*** Opening Entries shown ***

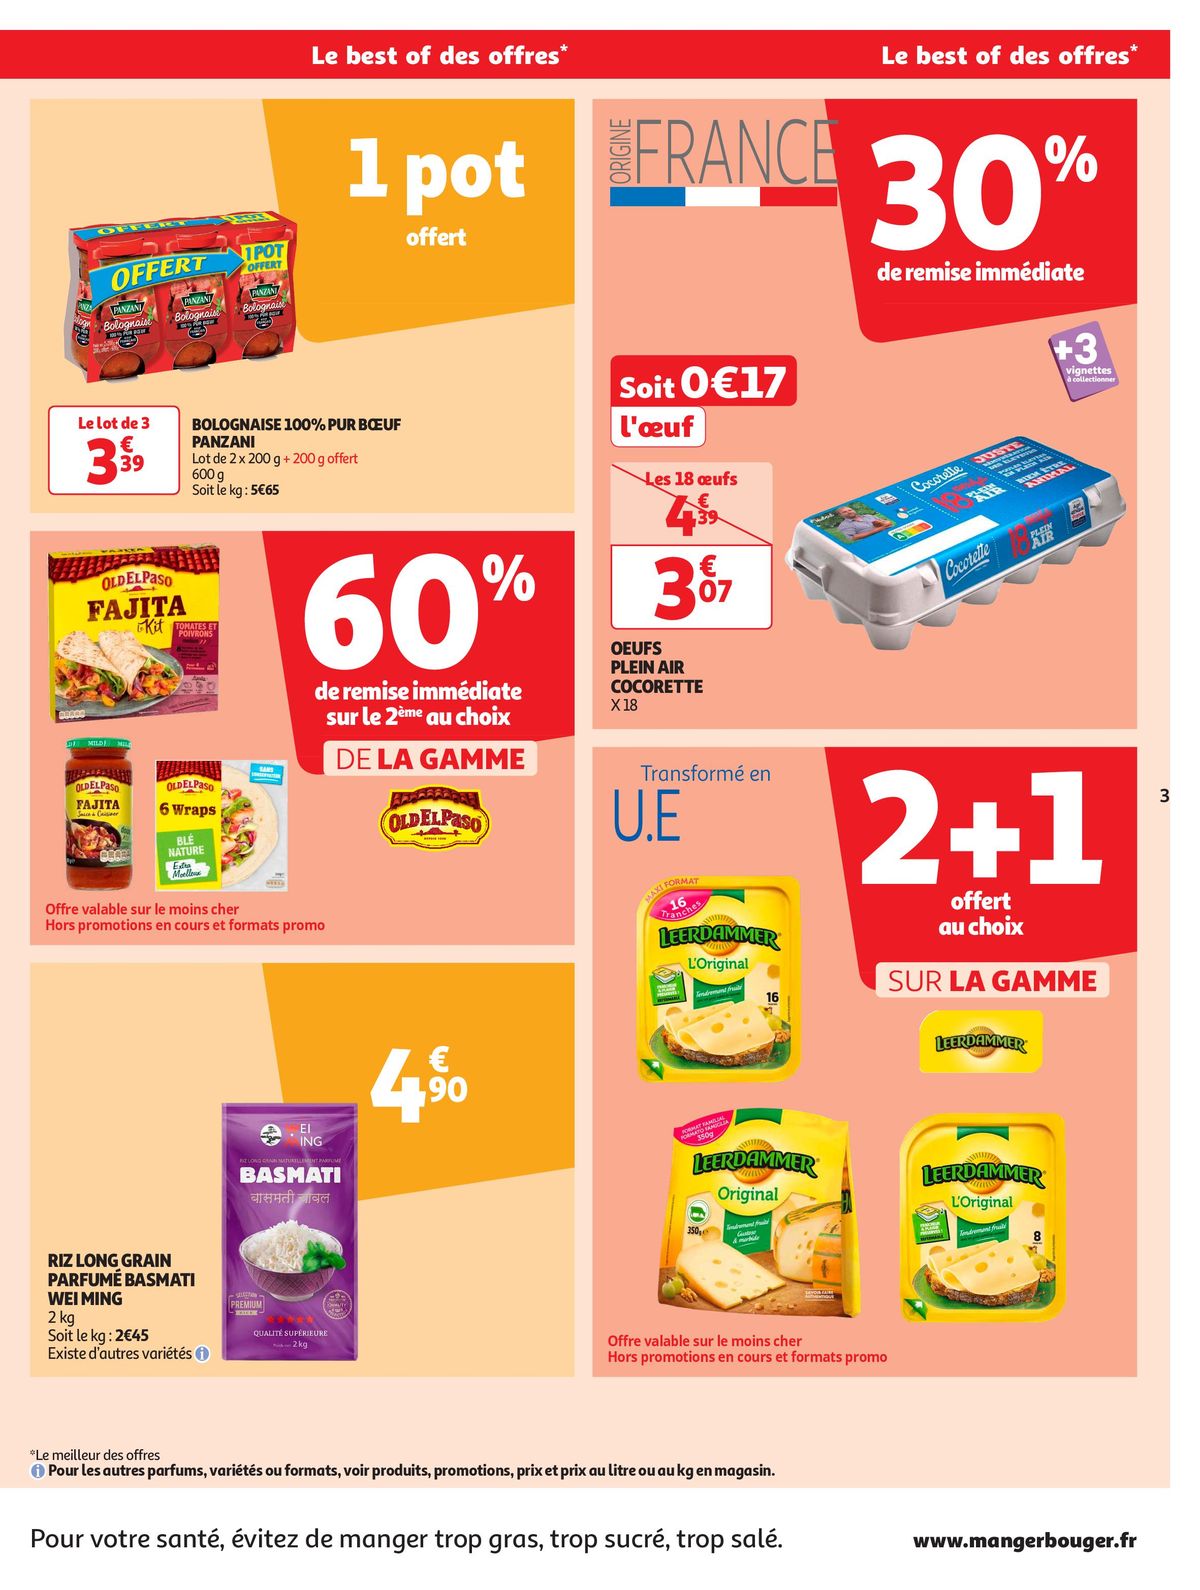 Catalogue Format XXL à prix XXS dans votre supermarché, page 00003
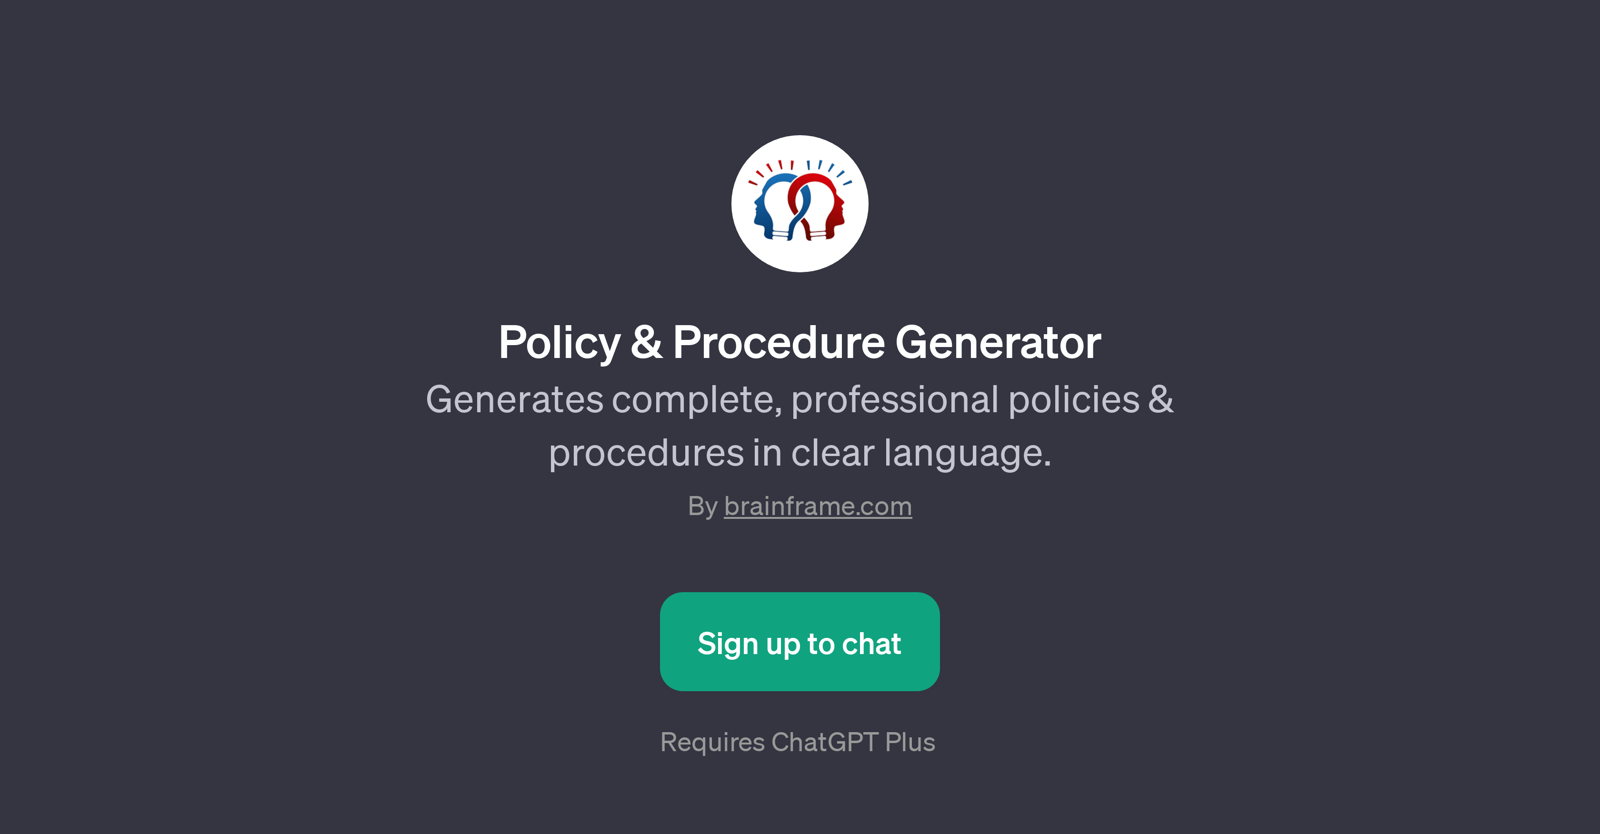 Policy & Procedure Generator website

*** Closing Entries shown ***
*** Opening Entries shown ***

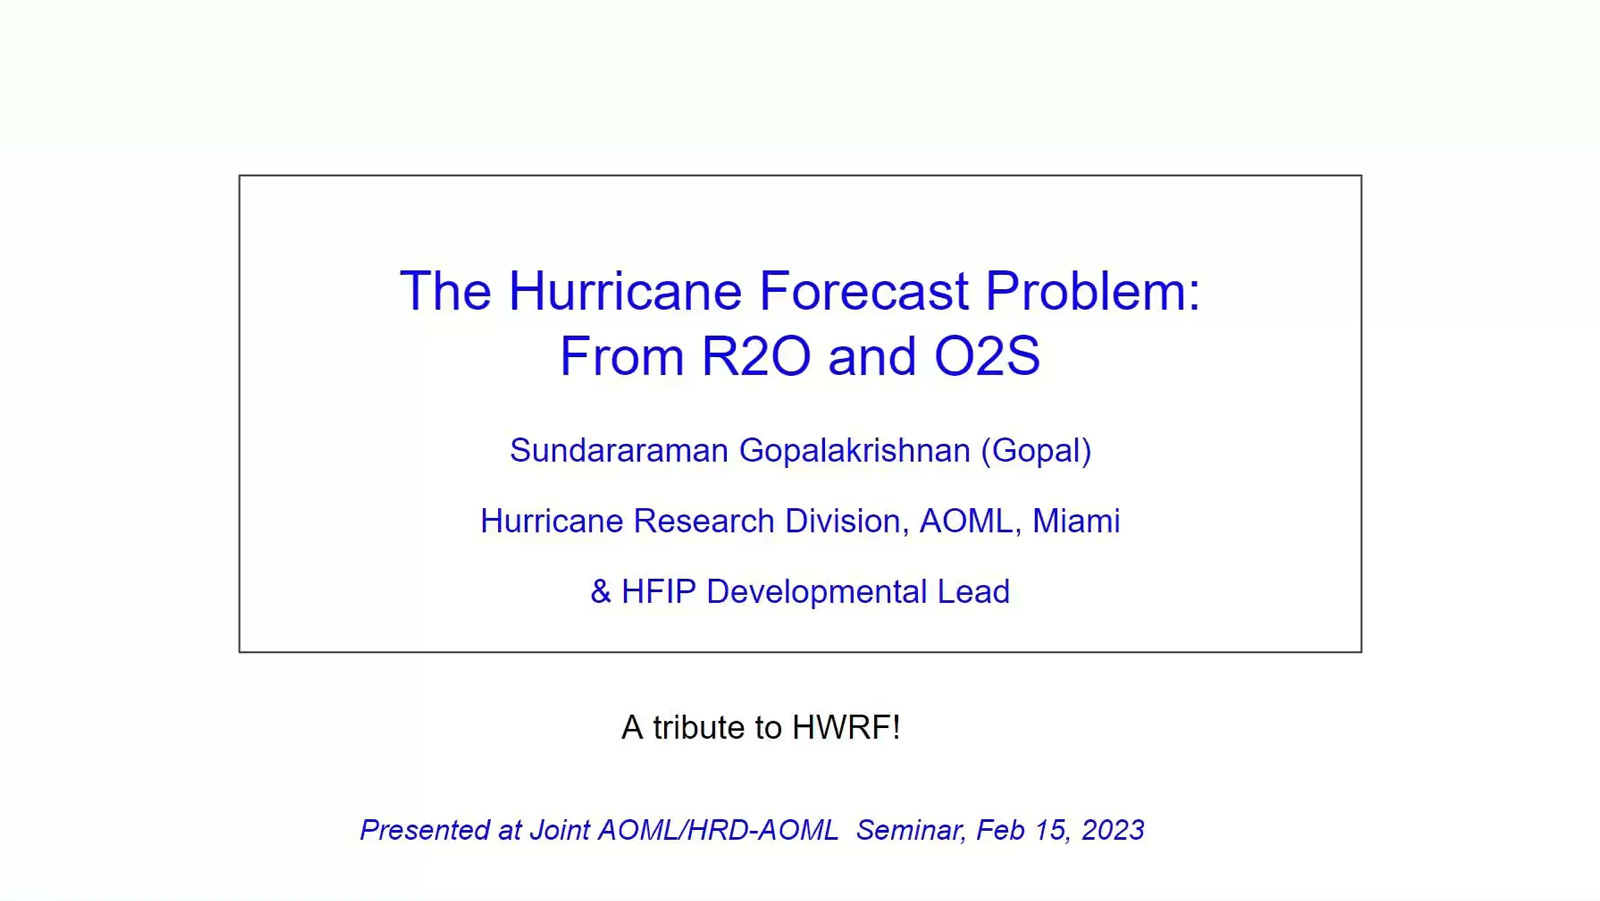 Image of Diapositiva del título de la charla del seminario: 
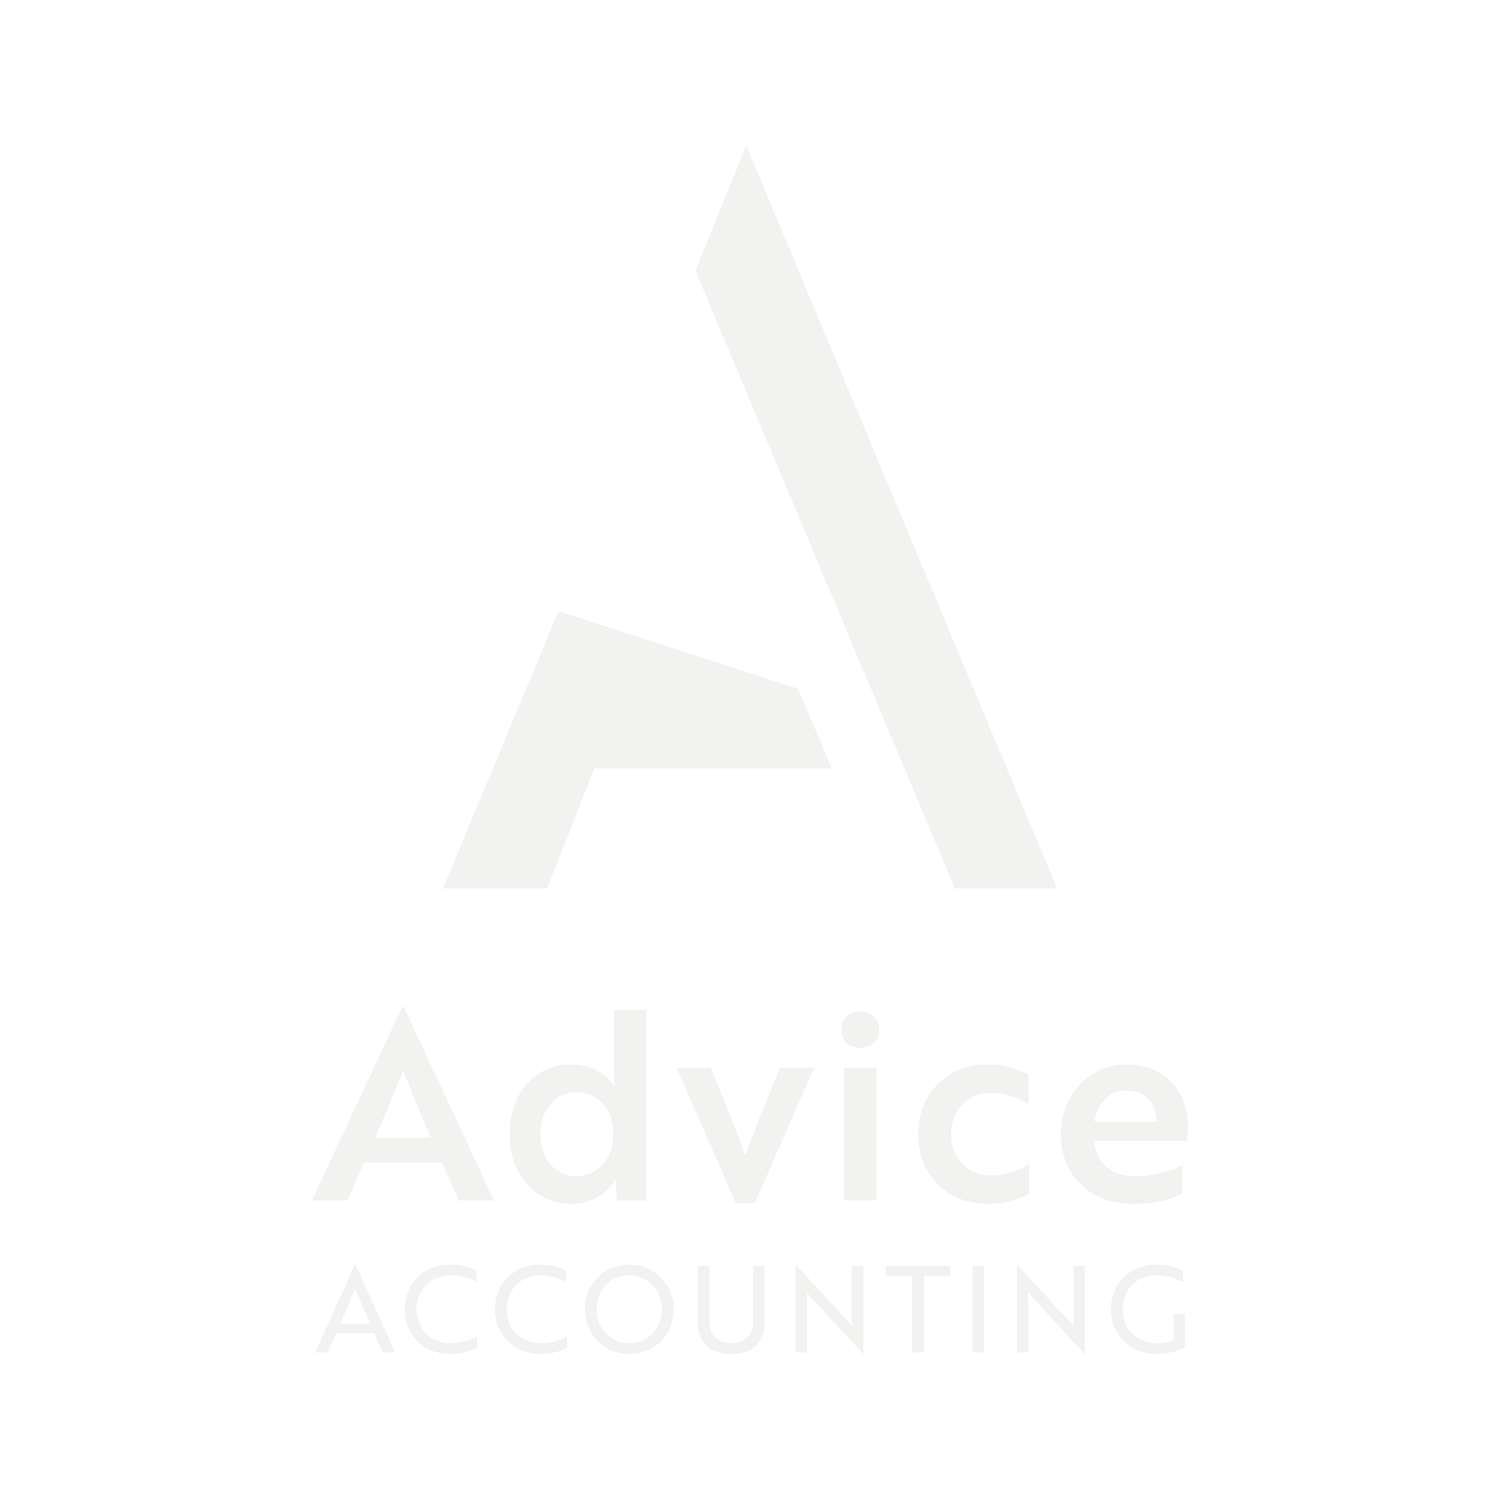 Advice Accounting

*** Closing Entries shown ***
*** Opening Entries shown ***

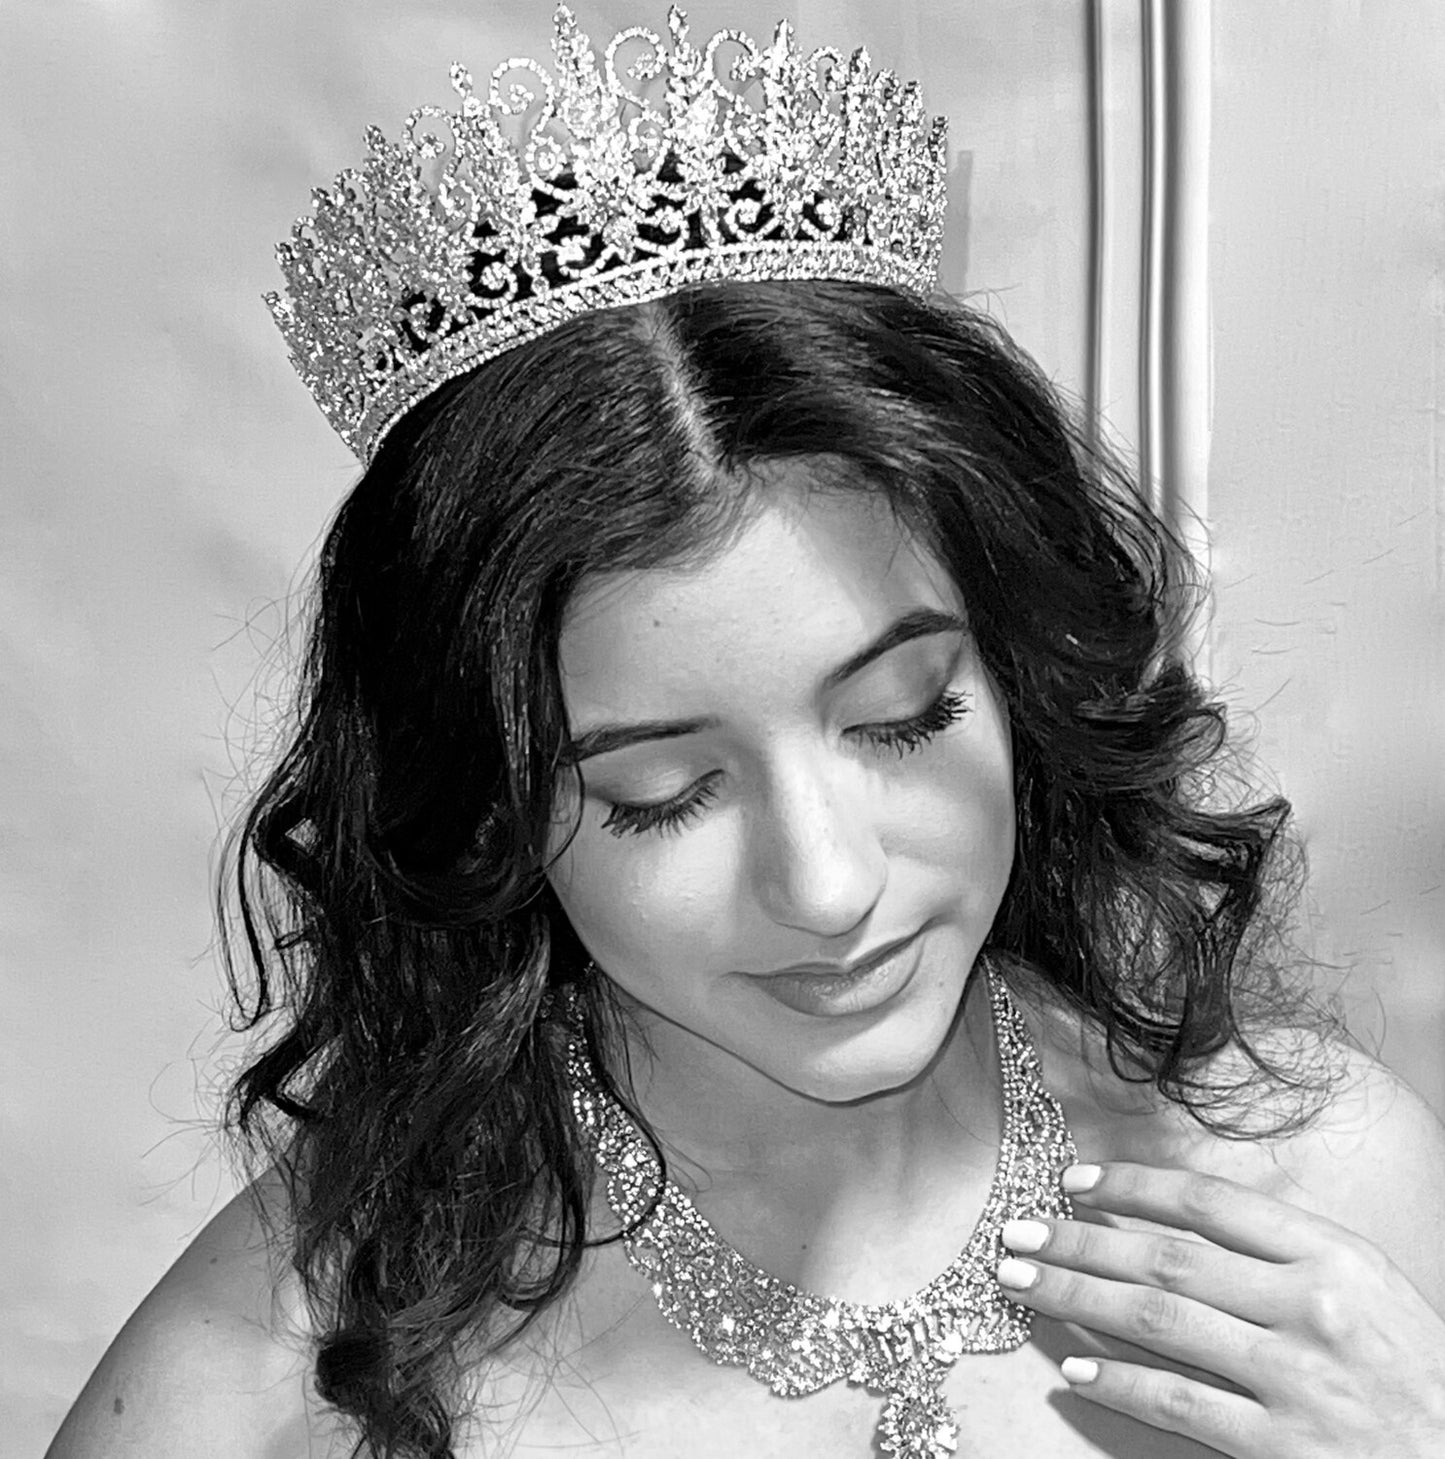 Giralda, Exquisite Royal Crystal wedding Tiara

*** Closing Entries shown ***

Problem description |
In the listing above, find the line containing "Catalogue Format XXL" and the line containing "Policy & Procedure Generator website", then output those two lines and everything between them exactly as written, without the images.

Result of the task |
 Catalogue Format XXL à prix XXS dans votre supermarché, page 00003
 Policy & Procedure Generator website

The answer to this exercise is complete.